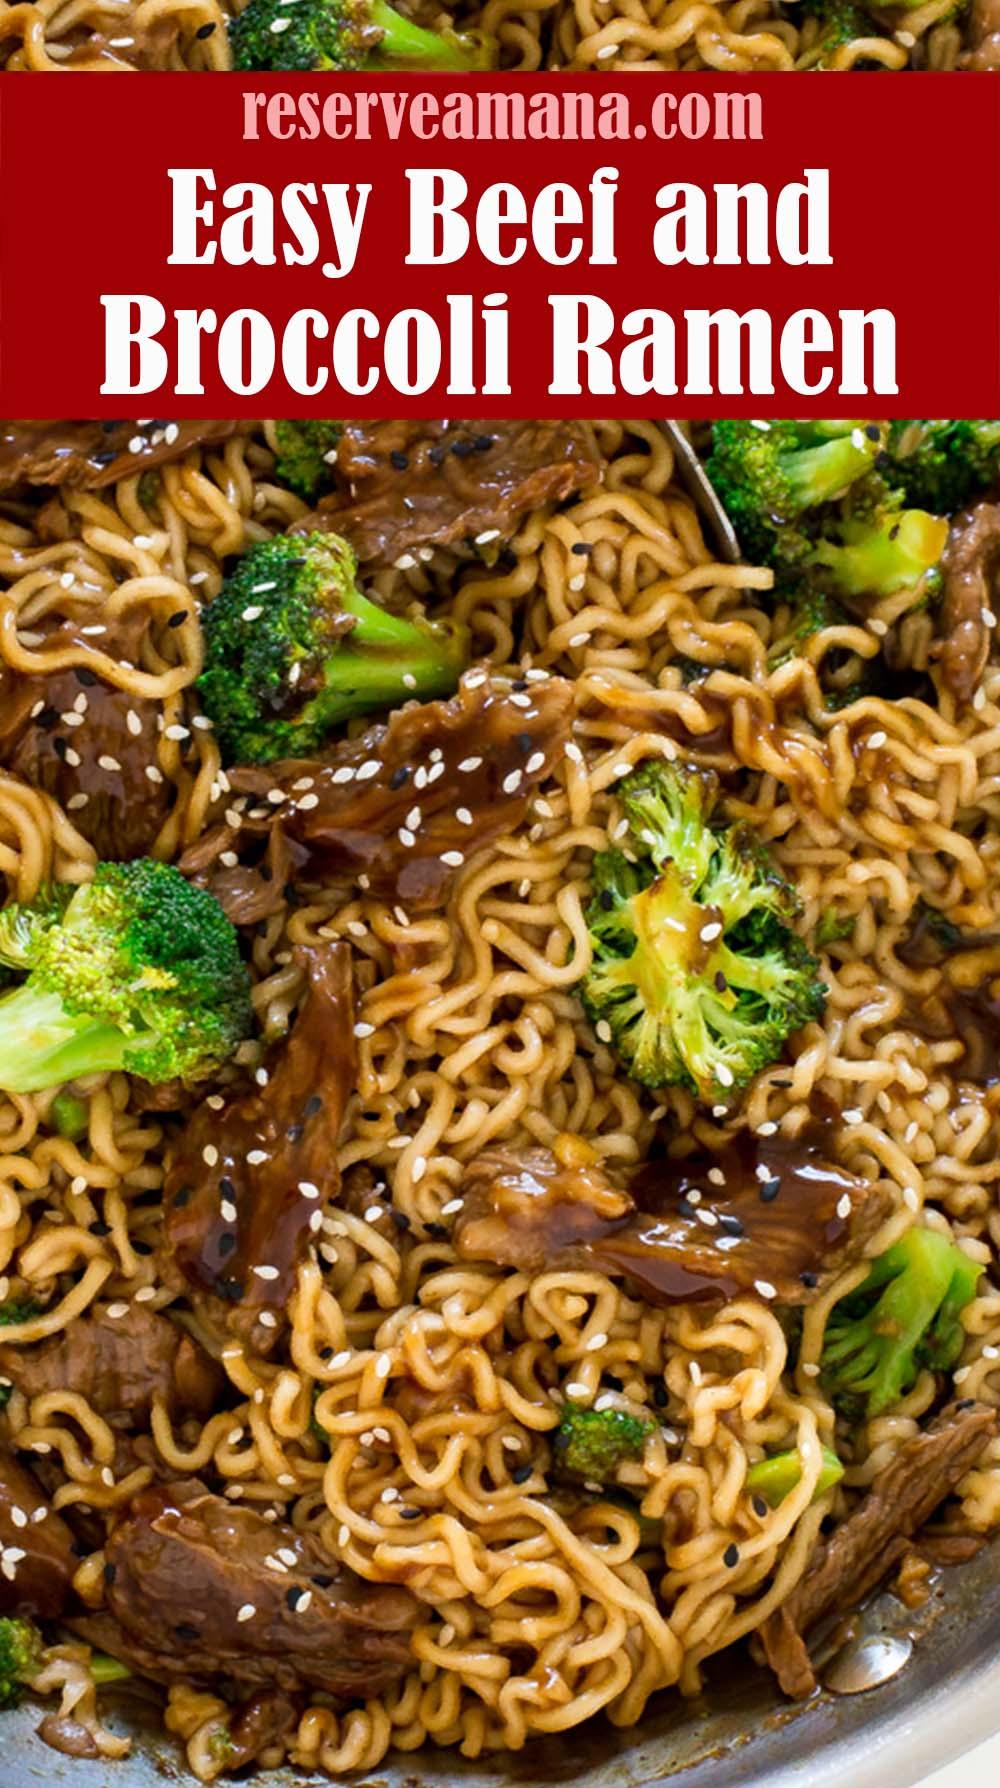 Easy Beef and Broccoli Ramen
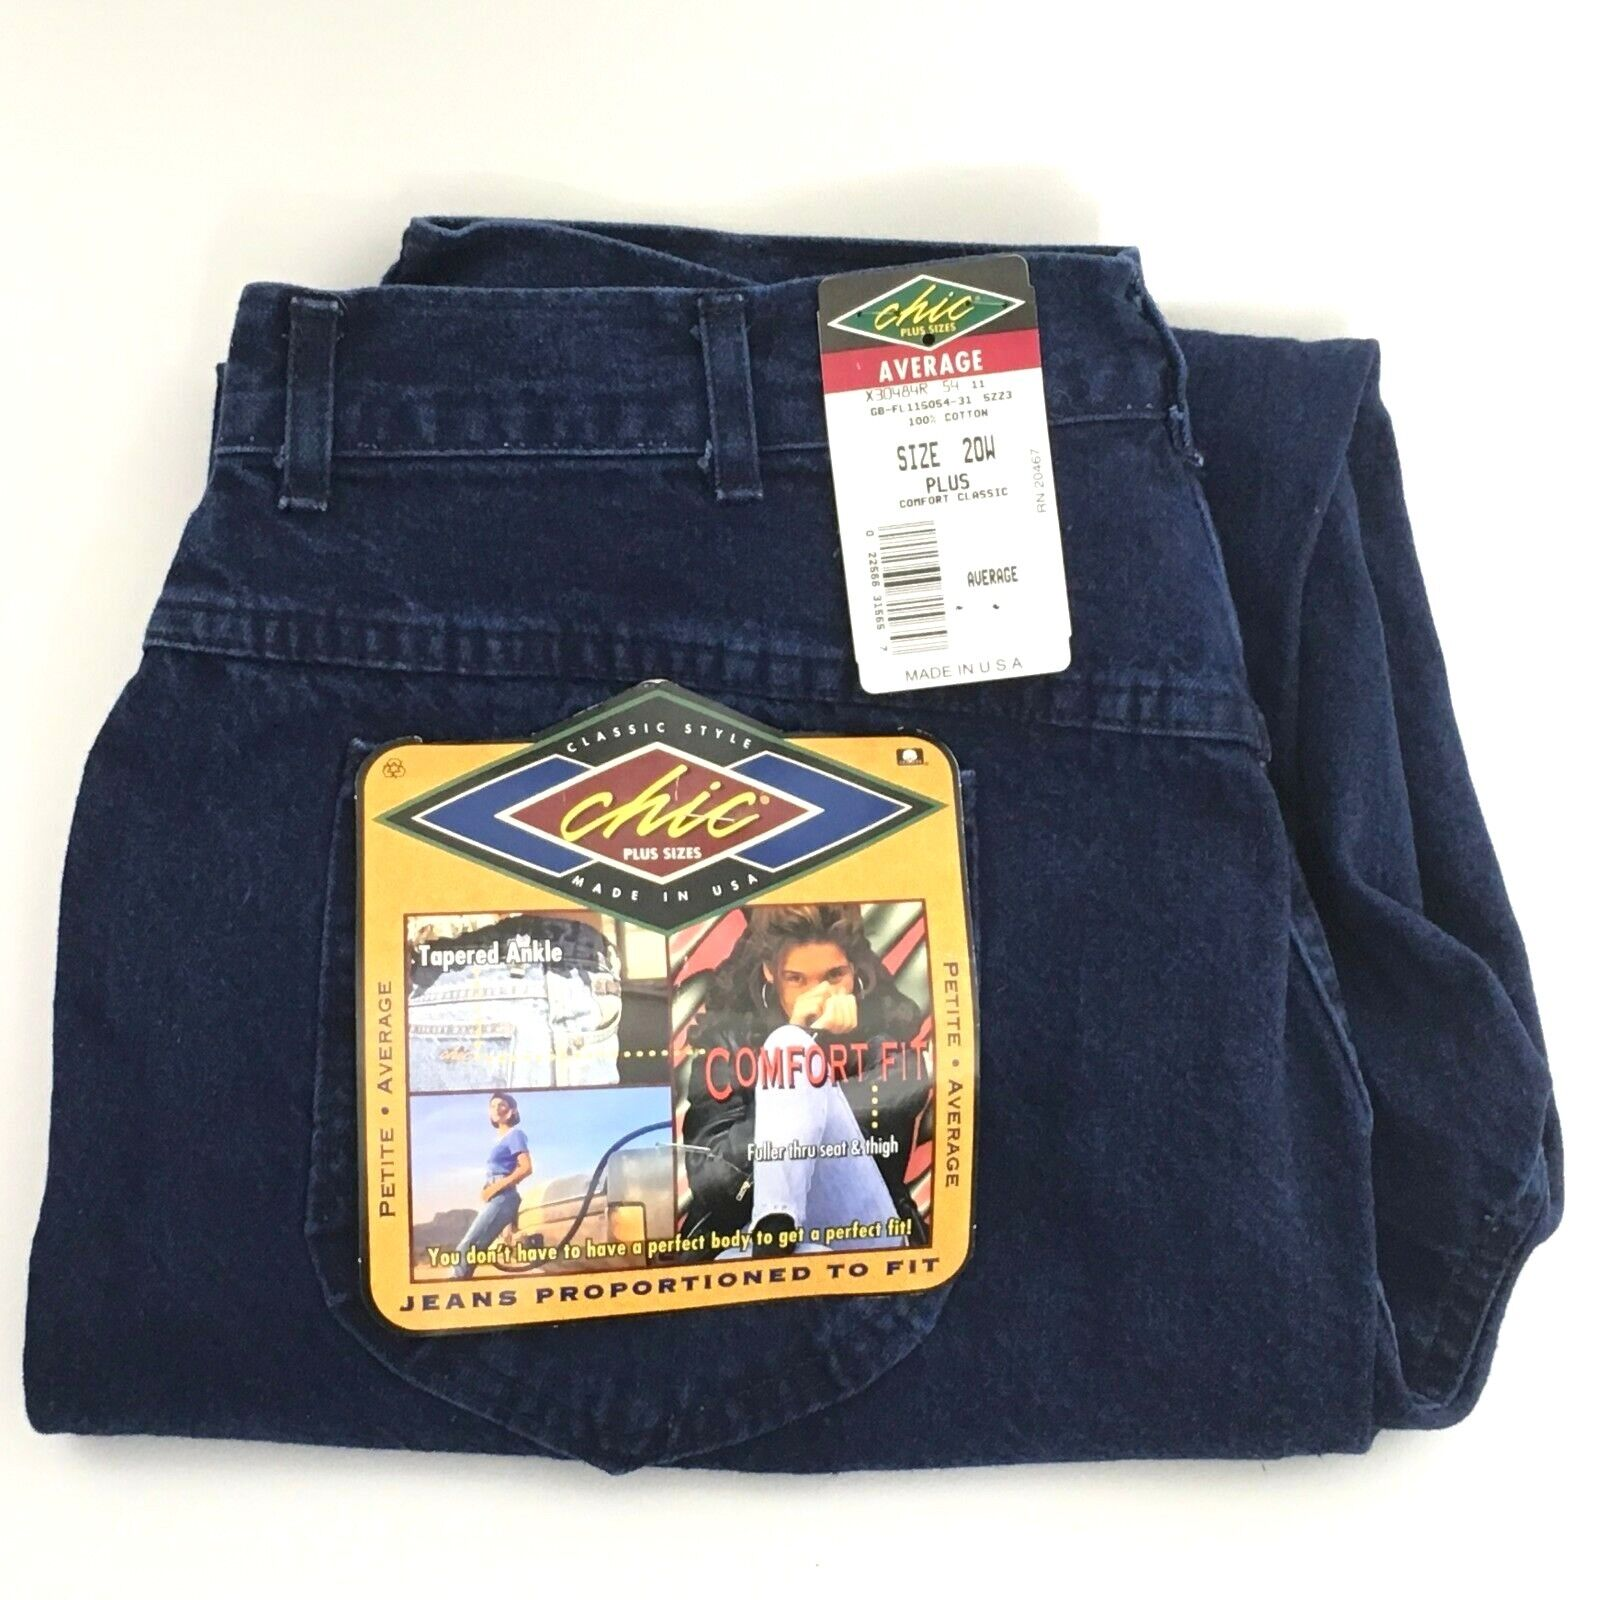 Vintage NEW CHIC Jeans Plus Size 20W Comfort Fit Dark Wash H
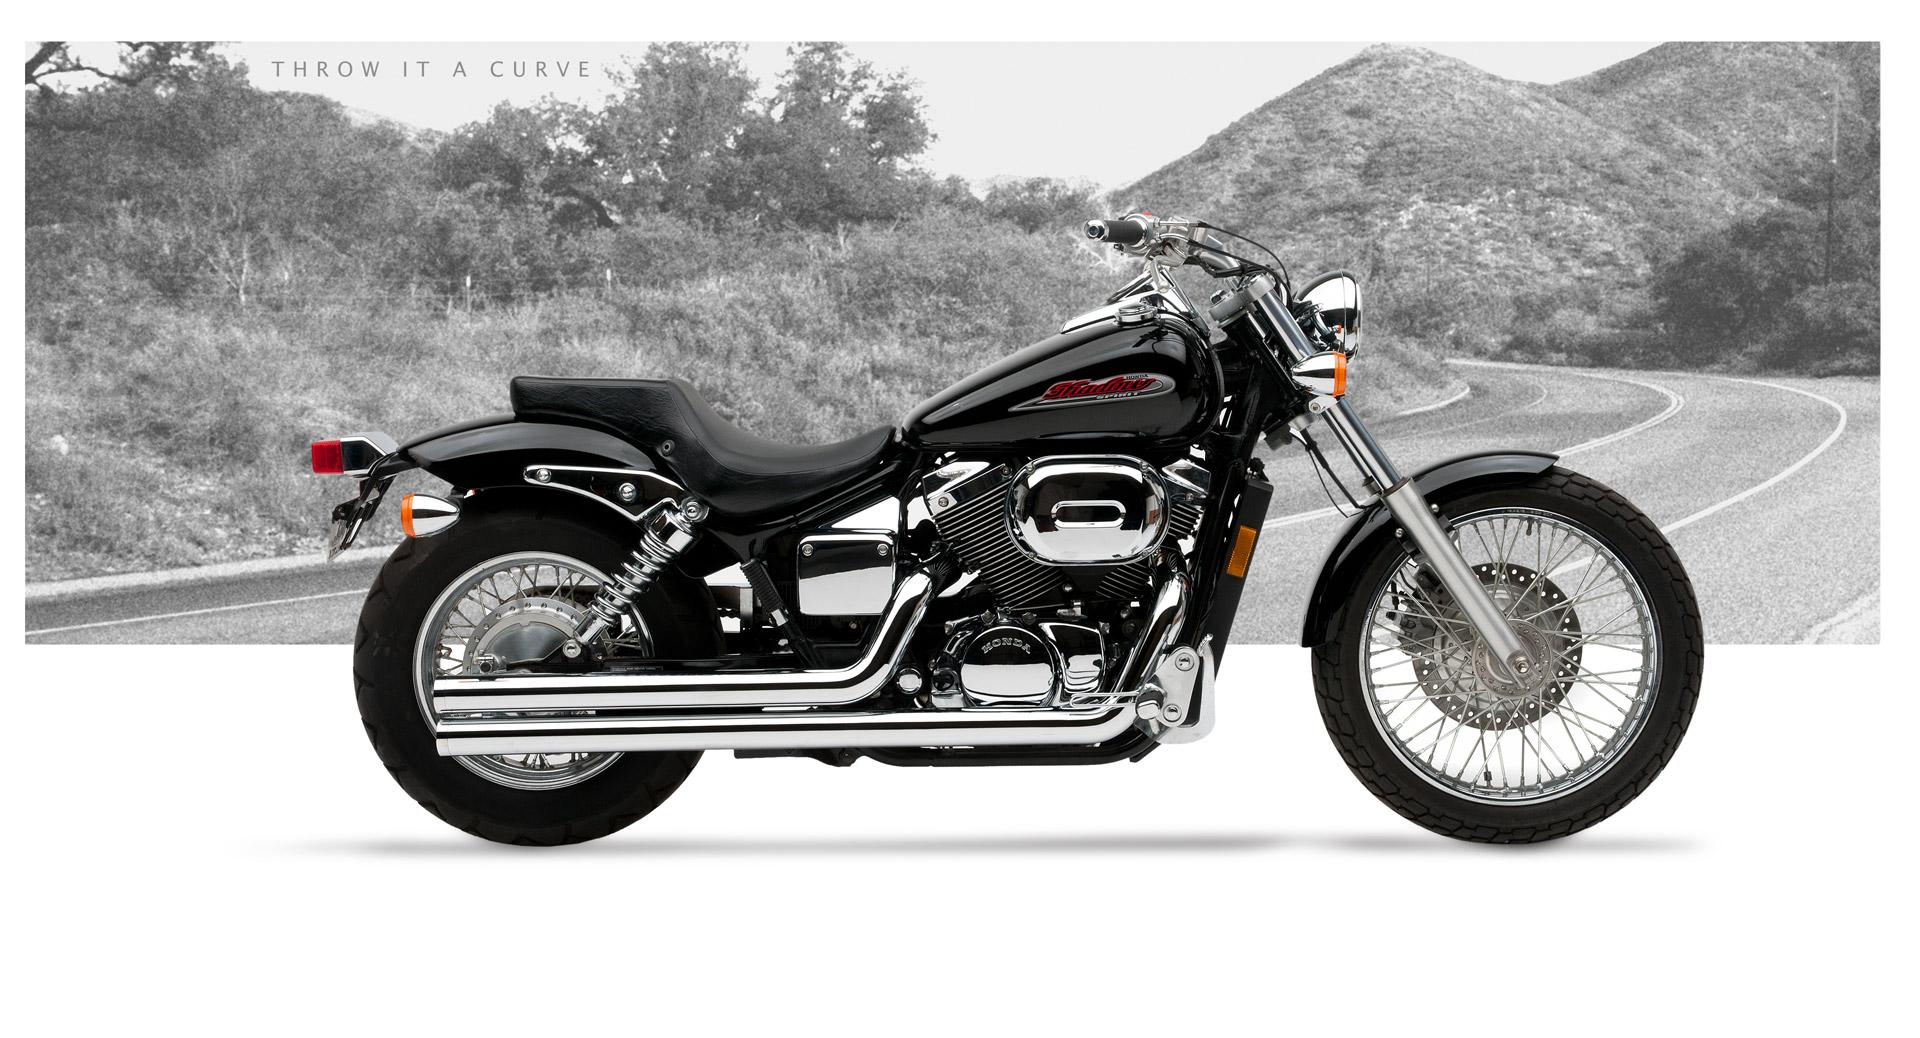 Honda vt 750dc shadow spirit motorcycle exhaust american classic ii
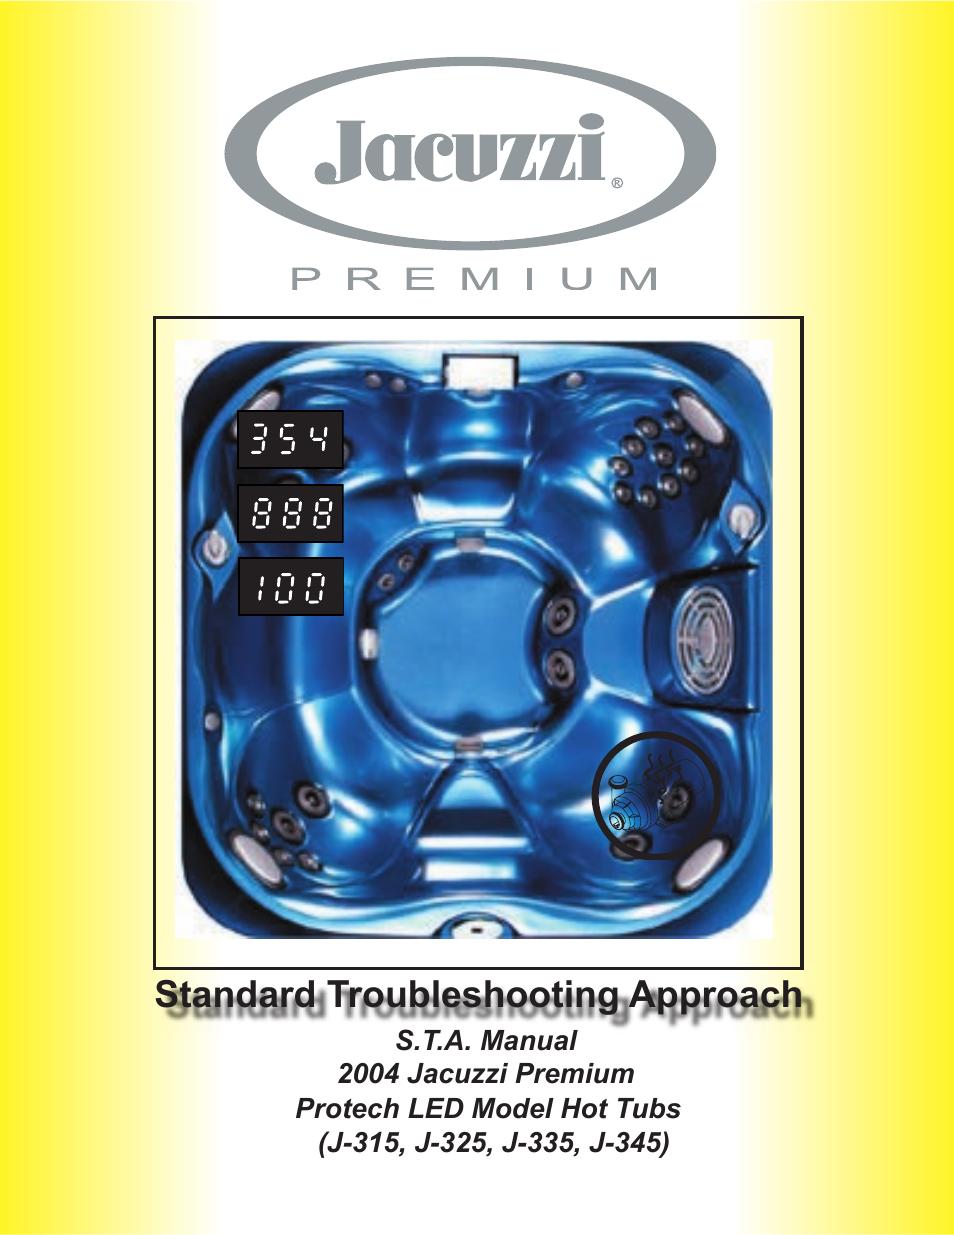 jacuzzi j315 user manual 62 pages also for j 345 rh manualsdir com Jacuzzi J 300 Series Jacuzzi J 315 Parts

*Activity*:
Starting at the line that contains "Honda vt 750dc", retype each line through the end of the data exactly, and leave out every picture.

*Solution*:
 Honda vt 750dc shadow spirit motorcycle exhaust american classic ii
 jacuzzi j315 user manual 62 pages also for j 345 rh manualsdir com Jacuzzi J 300 Series Jacuzzi J 315 Parts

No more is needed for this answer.